Les réactions à la sortie de Gattaz n’ont pas traîné, la première venant de la précédente patronne des patrons, Laurence Parisot, qui a critiqué une «erreur d’analyse» et dénoncé la «logique esclavagiste» derrière la proposition d’un salaire en dessous du Smic.
Le syndicat Force ouvrière a affirmé dans un communiqué que Pierre Gattaz«entend ressusciter un Smic jeunes» et a promis de combattre une proposition aussi«indécente».
Pour justifier sa sortie, Pierre Gattaz a utilisé l’argument classique d’un montant trop élevé qui empêcherait certains chômeurs d’être embauchés, notamment chez les jeunes. «Le niveau élevé du Smic est une marche d’escalier à franchir en France»pour trouver du travail, a souligné le patron des patrons, lors de son point de presse mensuel.
Selon lui, une solution consisterait à «avoir temporairement un système permettant la première année» pour «un jeune ou quelqu’un qui ne trouve pas de travail, de rentrer dans l’entreprise de façon transitoire avec un salaire adapté, qui ne serait pas forcément le salaire du Smic», a-t-il dit.
Ce système, a-t-il fait valoir, «permettrait de mettre le pied à l’étrier». «Il vaut mieux quelqu’un qui travaille dans l’entreprise avec un salaire un peu moins élevé que le Smic, de façon temporaire et transitoire, plutôt que de le laisser au chômage», a-t-il estimé. «Avec un niveau de chômage à 11%, cela fait partie des pistes à explorer», a ajouté Pierre Gattaz, qui souhaite en débattre «avec le gouvernement et les partenaires sociaux».
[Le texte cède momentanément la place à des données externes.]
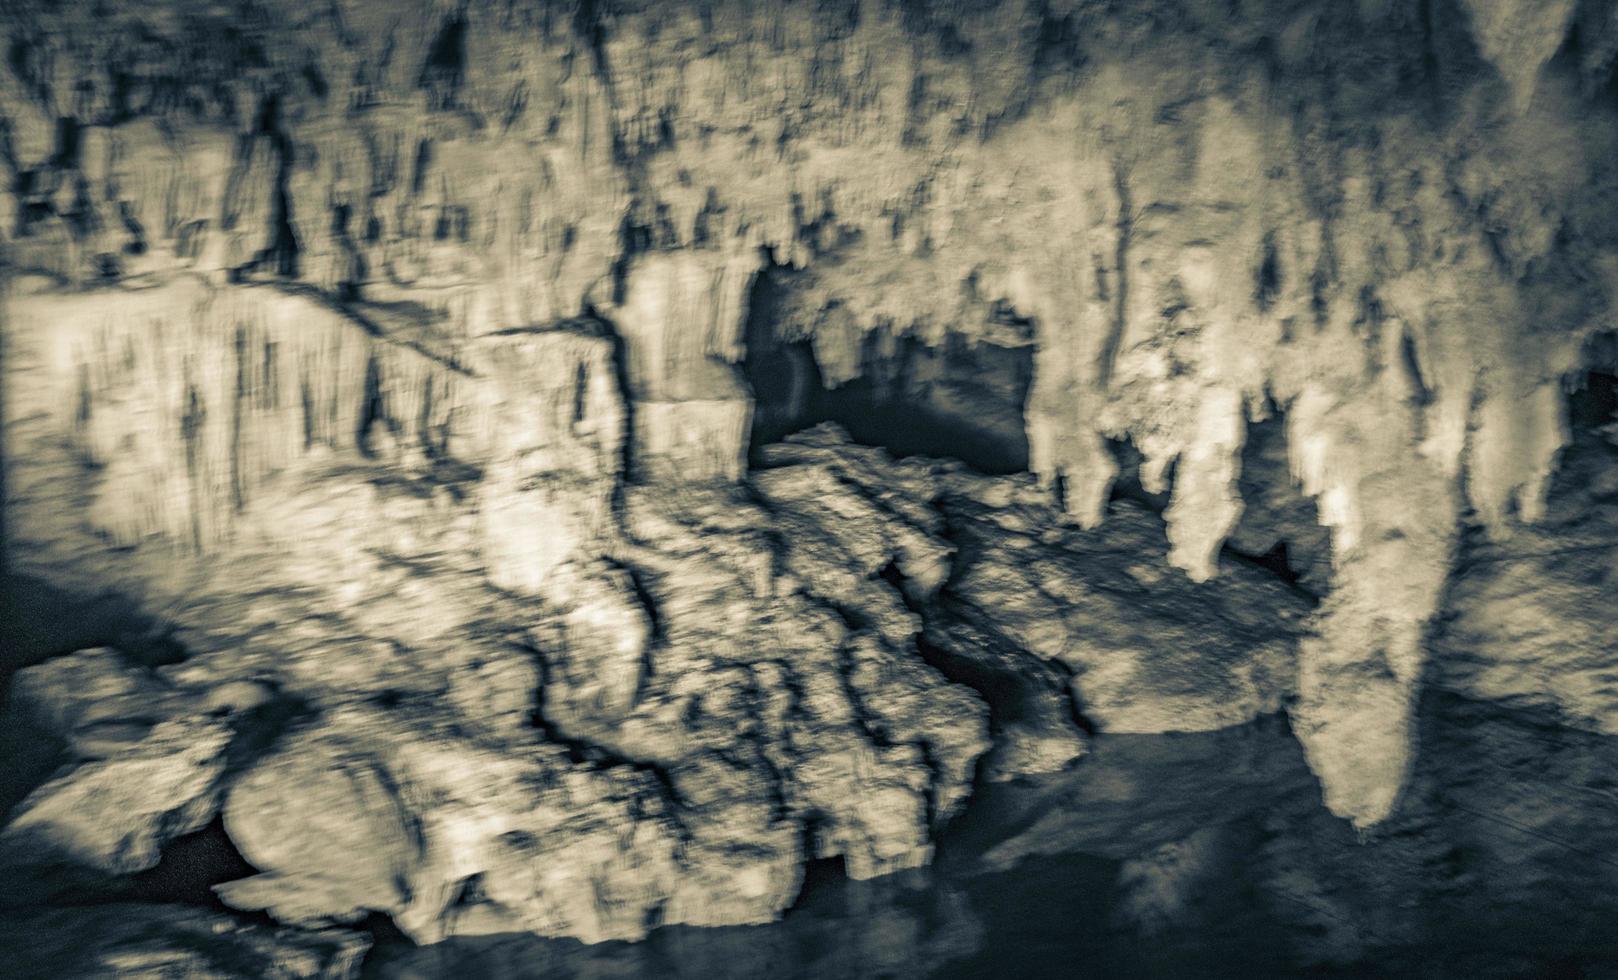 incrível água azul turquesa e caverna de calcário cenote méxico. foto

Comme on lui rappelait les précédentes tentatives avortées pour instituer un Smic jeunes, Pierre Gattaz a affirmé qu’aujourd’hui «nous sommes au bord du précipice»et qu’il faut «sortir de la doctrine et du dogme» pour créer des emplois.
Le président du Medef s’est dit en accord avec Pascal Lamy, ex-directeur général de l’Organisation mondiale du commerce (OMC) qui a plaidé il y a deux semaines pour plus de “flexibilité” sur le marché du travail, avec notamment des «petits boulots»payés en dessous du Smic. Cette logique évoque les mini-jobs allemands, l’un des contrats rendus possibles par les réformes du marché du travail menées lors du mandat de l’ex-chancelier social-démocrate Gerhard Schröder. Et souvent citées en exemple par la droite française, mais aussi par une partie de la gauche.
Sans aller jusqu’à plaider pour un sous-Smic, le livre publié récemment par trois économistes qui ont conseillé François Hollande à un moment ou à un autre nourrit les débats contre le salaire minimum français. Dans Changer de modèle, Philippe Aghion, Gilbert Cette et Elie Cohen plaident pour de nombreuses réformes«structurelles» (plus de flexibilité, de concurrence, etc.), et critiquent le niveau élevé du Smic français («préjudiciable à l’emploi et la compétitivité») ainsi que son uniformité.
Ils souhaitent une «réforme ambitieuse du Smic [qui] ne doit exclure a priori aucun aspect : révision de fond de la règle de revalorisation automatique, régionalisation, différenciation selon l’âge….» Ils ouvrent ainsi la voie (théorique) à des Smic différenciés à Limoges, Vesoul ou Paris et selon l’âge du salarié.